Division of Pulmonary and Critical Care Medicine, Mayo Clinic, Rochester, MN.
Department of Anesthesia and Perioperative Medicine, Mayo Clinic, Rochester, MN.
Crit Care Med. 2018 Jul;46(7):e628-e633. doi: 10.1097/CCM.0000000000003121.
Midodrine is an oral alpha-agonist approved for orthostatic hypotension. The use of midodrine as a vasopressor sparing agent has steadily increased in the ICU despite limited evidence for its safety in that setting. We describe the trends in use and reported side effects and complications of midodrine in multidisciplinary ICUs of a tertiary care institution.
Single-center retrospective case series.
Medical and surgical ICU patients from January 2011 to October 2016 at Mayo Clinic, Rochester.
Adult patients admitted to any ICU who received midodrine for hypotension were eligible.
None.
We reviewed the mean arterial pressures and cumulative vasopressor dose before and after midodrine administration and assessed for reported complications. During the study period, a total of 1,119 patients were initiated on midodrine, 56% in surgical ICUs, 42% in medical ICUs, and 2% in a mixed medical and surgical neurology ICU. There was a significant decrease in the number of patients on vasopressors 24 hours after initiation of midodrine (663 to 344; p < 0.001); among the patients that remained on vasopressors, there was a significant decrease in the median cumulative vasopressor dose (p = 0.002). There was a significant increase in median mean arterial pressure 24 hours after initiation of midodrine among patients who were not on vasopressors (65-68; p < 0.01). Asymptomatic bradycardia (heart rate < 50 beats/min) was the most common side effect (n = 172 patients, median 39 beats/min). Two patients developed bowel ischemia after initiation of midodrine that prompted discontinuation of midodrine in one case. Evaluating trends of utilization, the off-label use of midodrine has increased steadily over the years across ICUs.

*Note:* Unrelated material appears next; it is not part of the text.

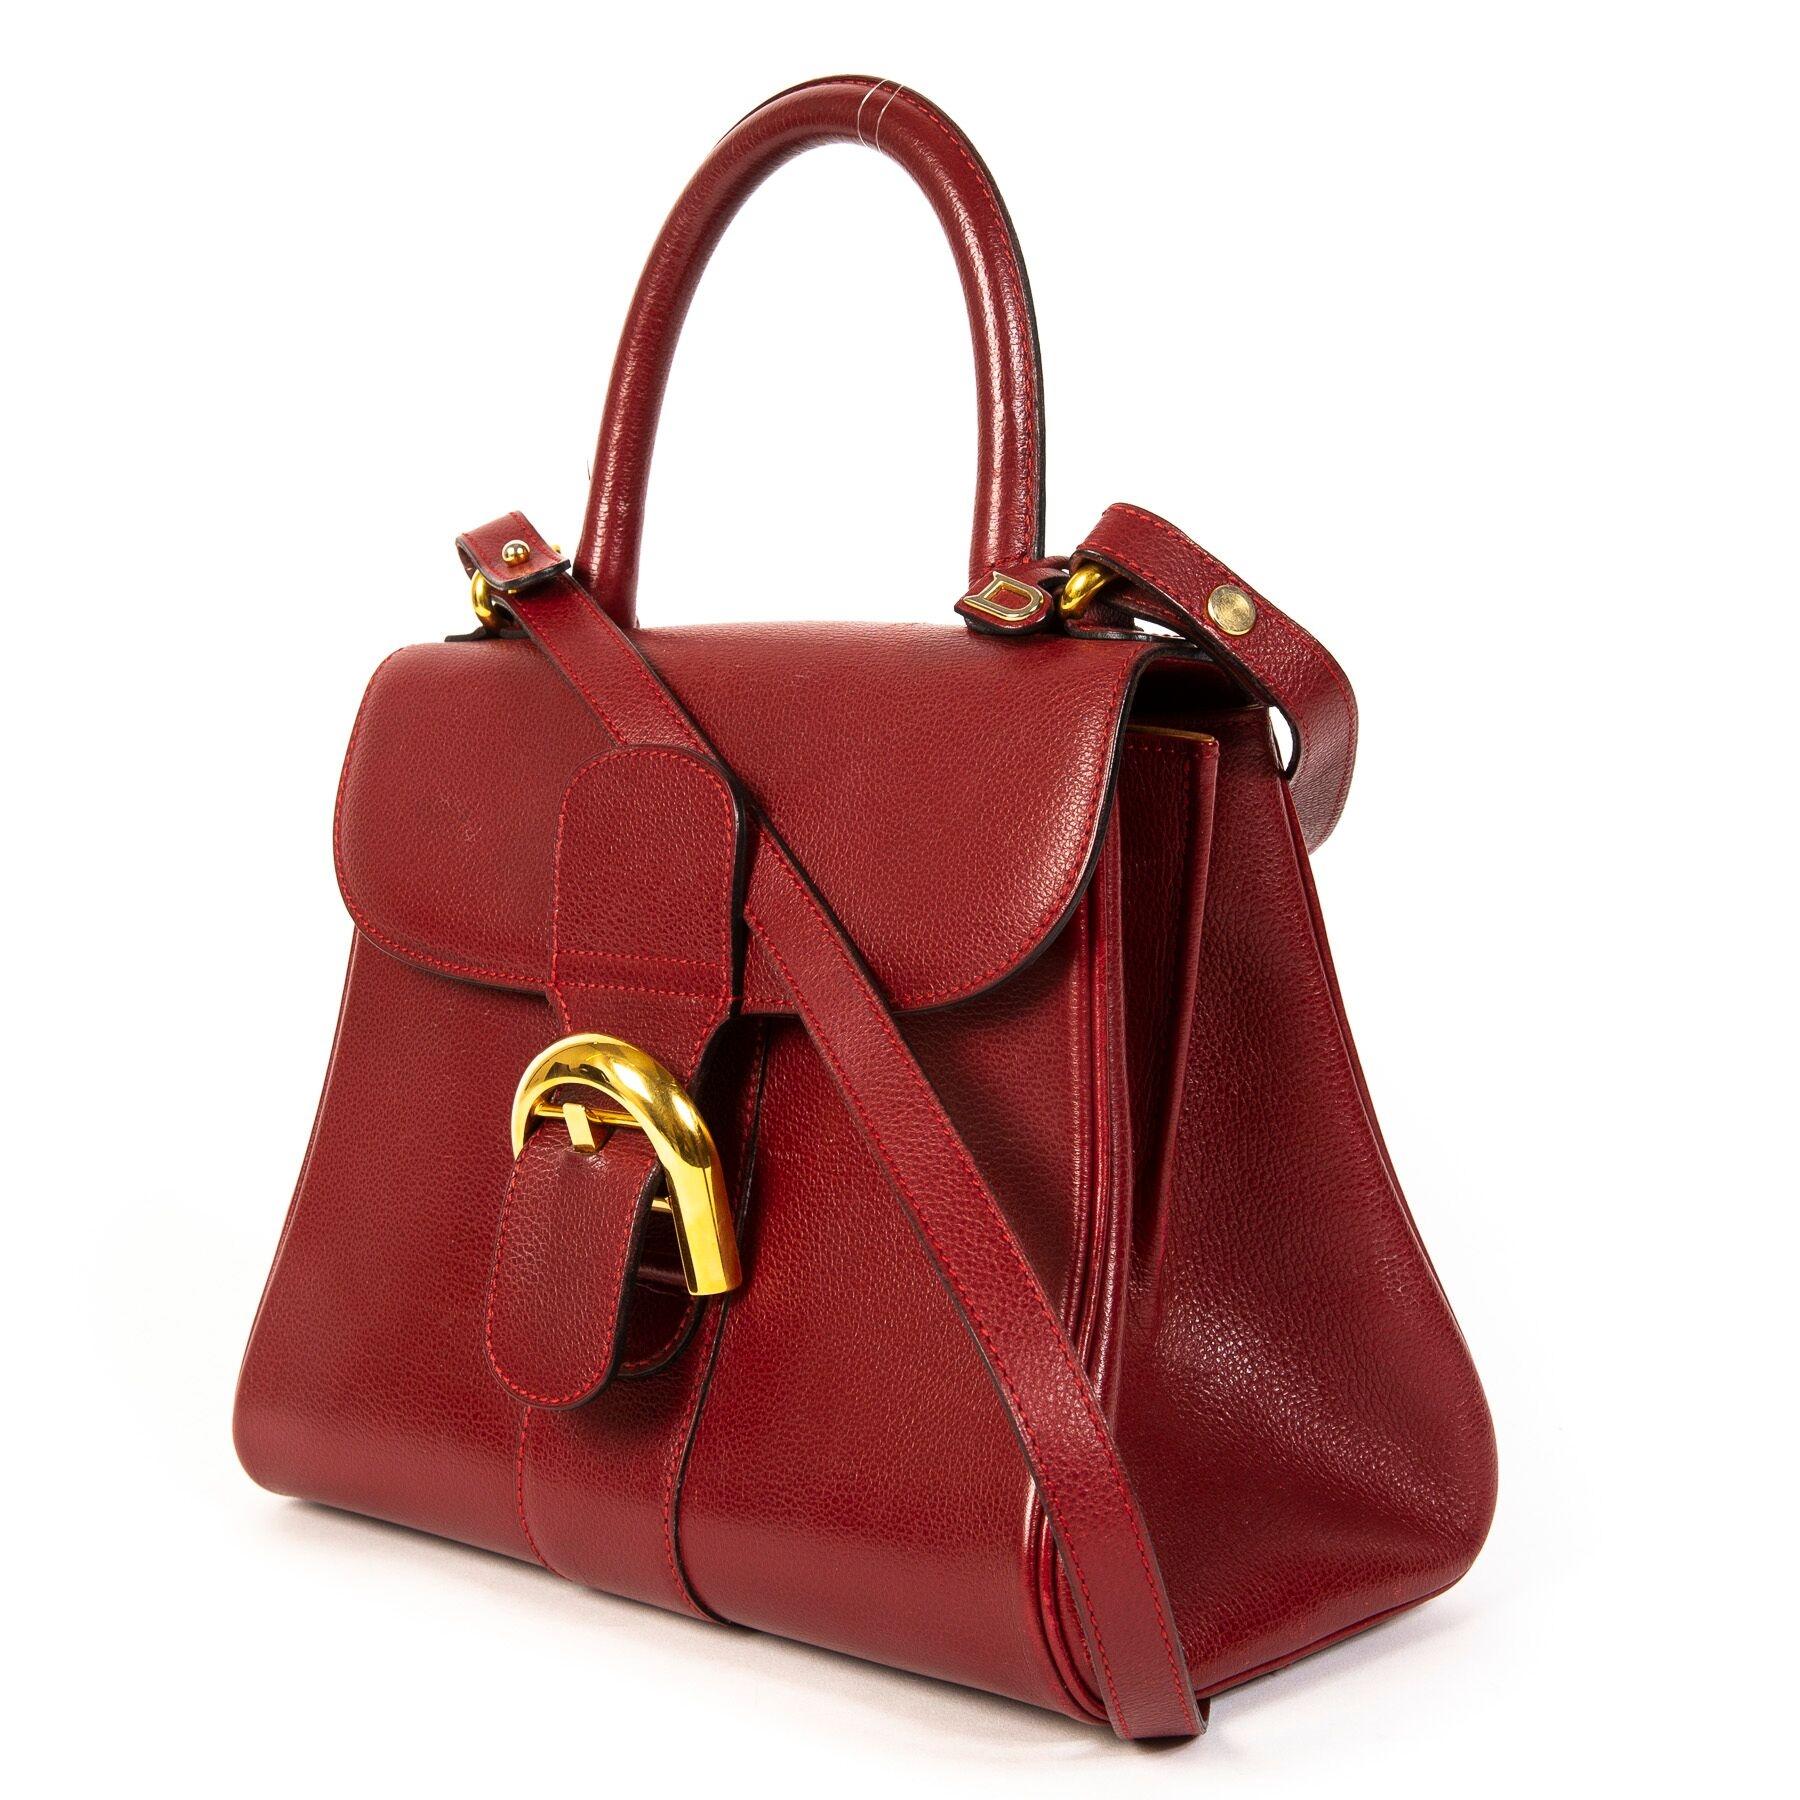 Buy iconic famous Brillant Delvaux bag at LabelLOV, original secondhand. Safe payment.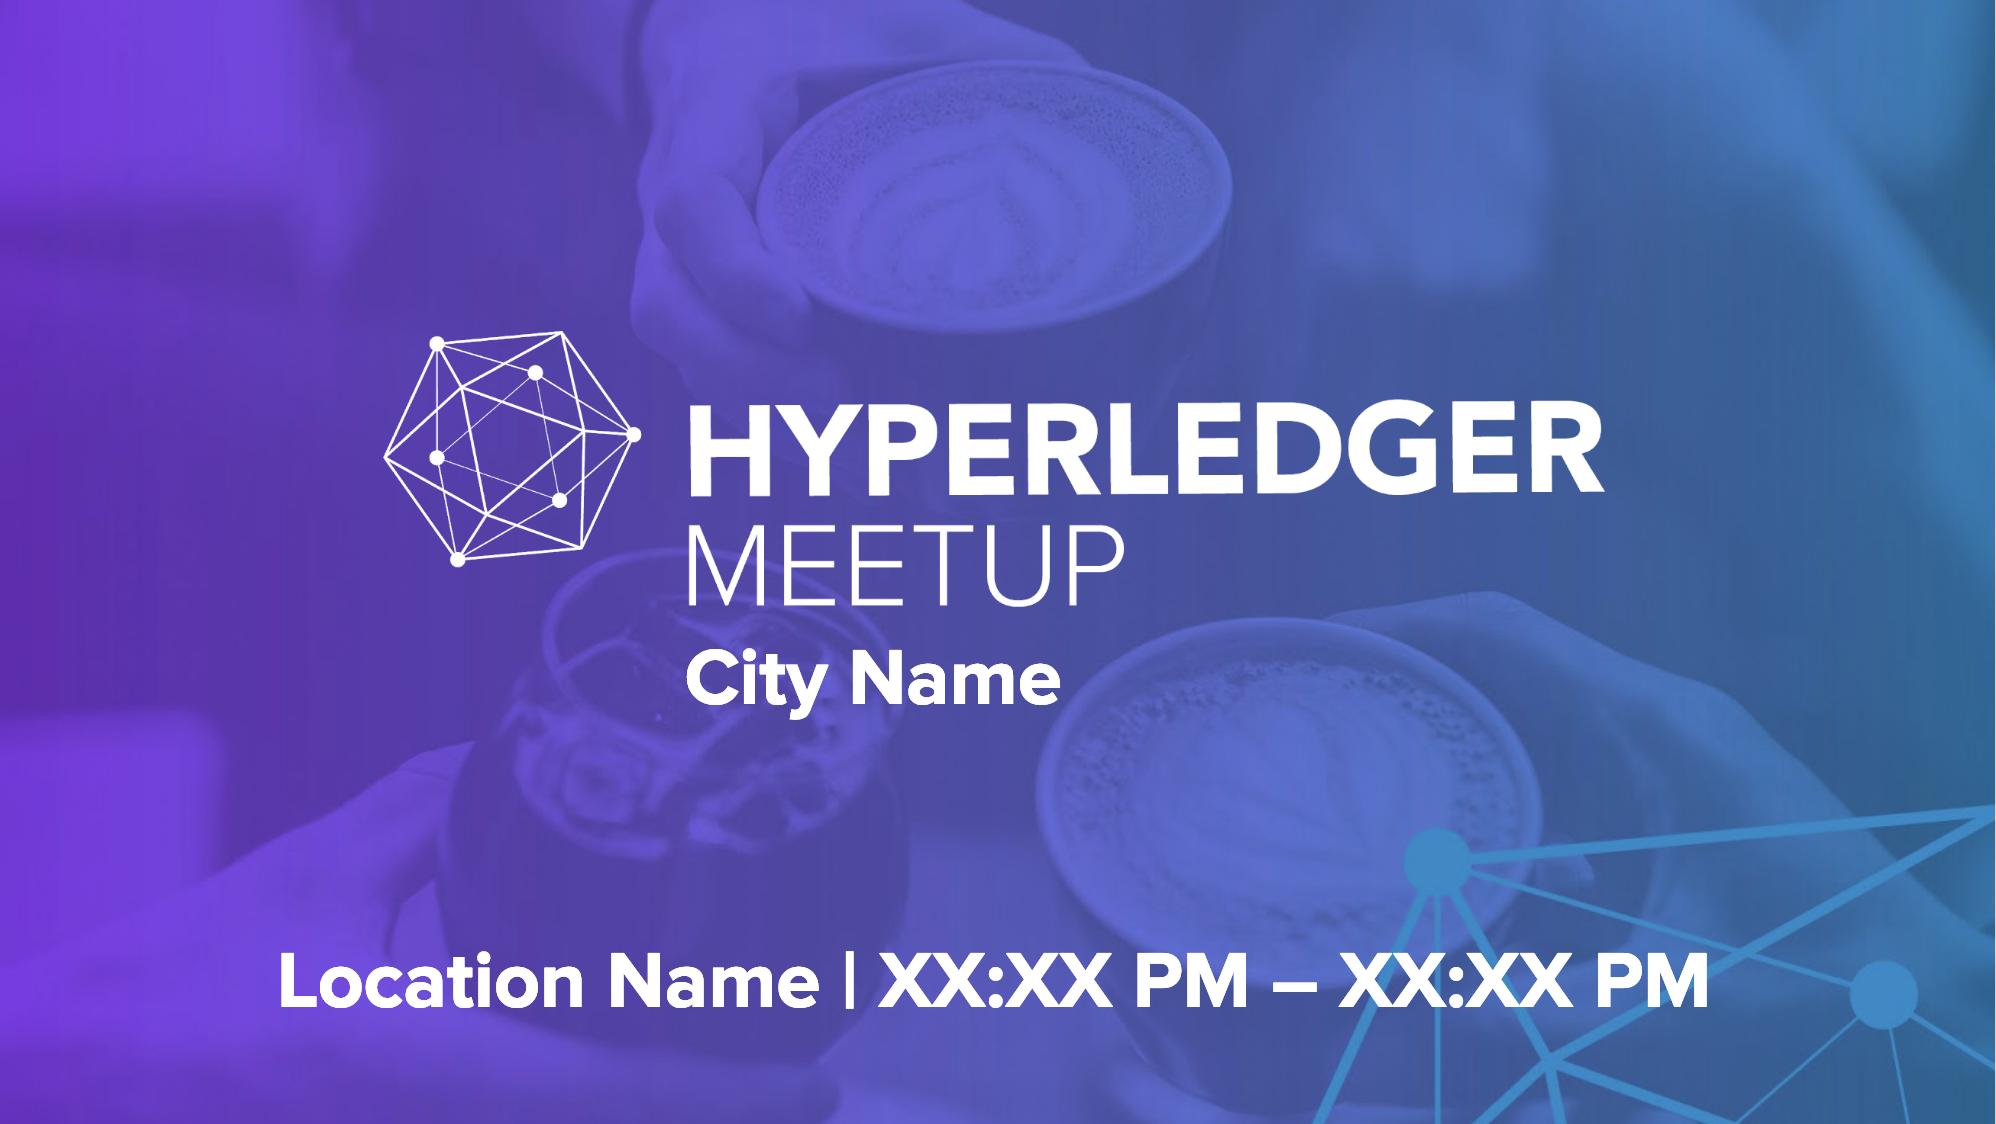 Meetup Organizer's Guide - Community Events - Hyperledger

Our results suggest that midodrine is being increasingly used as an adjunct to increase mean arterial pressure and facilitate weaning of vasopressors in the ICU. Prospective trials are required to further establish the appropriate timing, efficacy, safety, and cost-effectiveness of midodrine use in ICU patients.
米多君是一种批准用于体位性低血压的口服α激动剂。尽管在该环境下其安全性的证据有限,但米多君作为血管加压素保留剂的使用在重症监护病房(ICU)中稳步增加。我们描述了在一家三级保健机构的多学科 ICU 中米多君的使用趋势以及报告的副作用和并发症。
单中心回顾性病例系列。
梅奥诊所罗切斯特医疗和外科 ICU 患者,2011 年 1 月至 2016 年 10 月。
接受低血压米多君治疗的任何 ICU 成人患者。
无。
我们回顾了米多君给药前后的平均动脉压和累积血管加压剂剂量,并评估了报告的并发症。在研究期间,共有 1119 例患者开始使用米多君,其中 56%在外科 ICU,42%在内科 ICU,2%在混合内科和外科神经科 ICU。米多君开始后 24 小时接受血管加压剂治疗的患者数量显著减少(663 例降至 344 例;p<0.001);在继续接受血管加压剂治疗的患者中,累积血管加压剂剂量中位数显著减少(p=0.002)。米多君开始后 24 小时,未接受血管加压剂治疗的患者的平均动脉压中位数显著升高(65-68mmHg;p<0.01)。无症状性心动过缓(心率<50 次/分钟)是最常见的副作用(172 例患者,中位数 39 次/分钟)。两名患者在开始米多君后发生肠缺血,其中一名患者停用米多君。评估使用趋势,米多君的非适应证使用多年来在各 ICU 中稳步增加。
我们的结果表明,米多君作为增加平均动脉压和促进 ICU 中血管加压剂撤药的辅助药物越来越多地被使用。需要前瞻性试验进一步确定 ICU 患者使用米多君的适当时机、疗效、安全性和成本效益。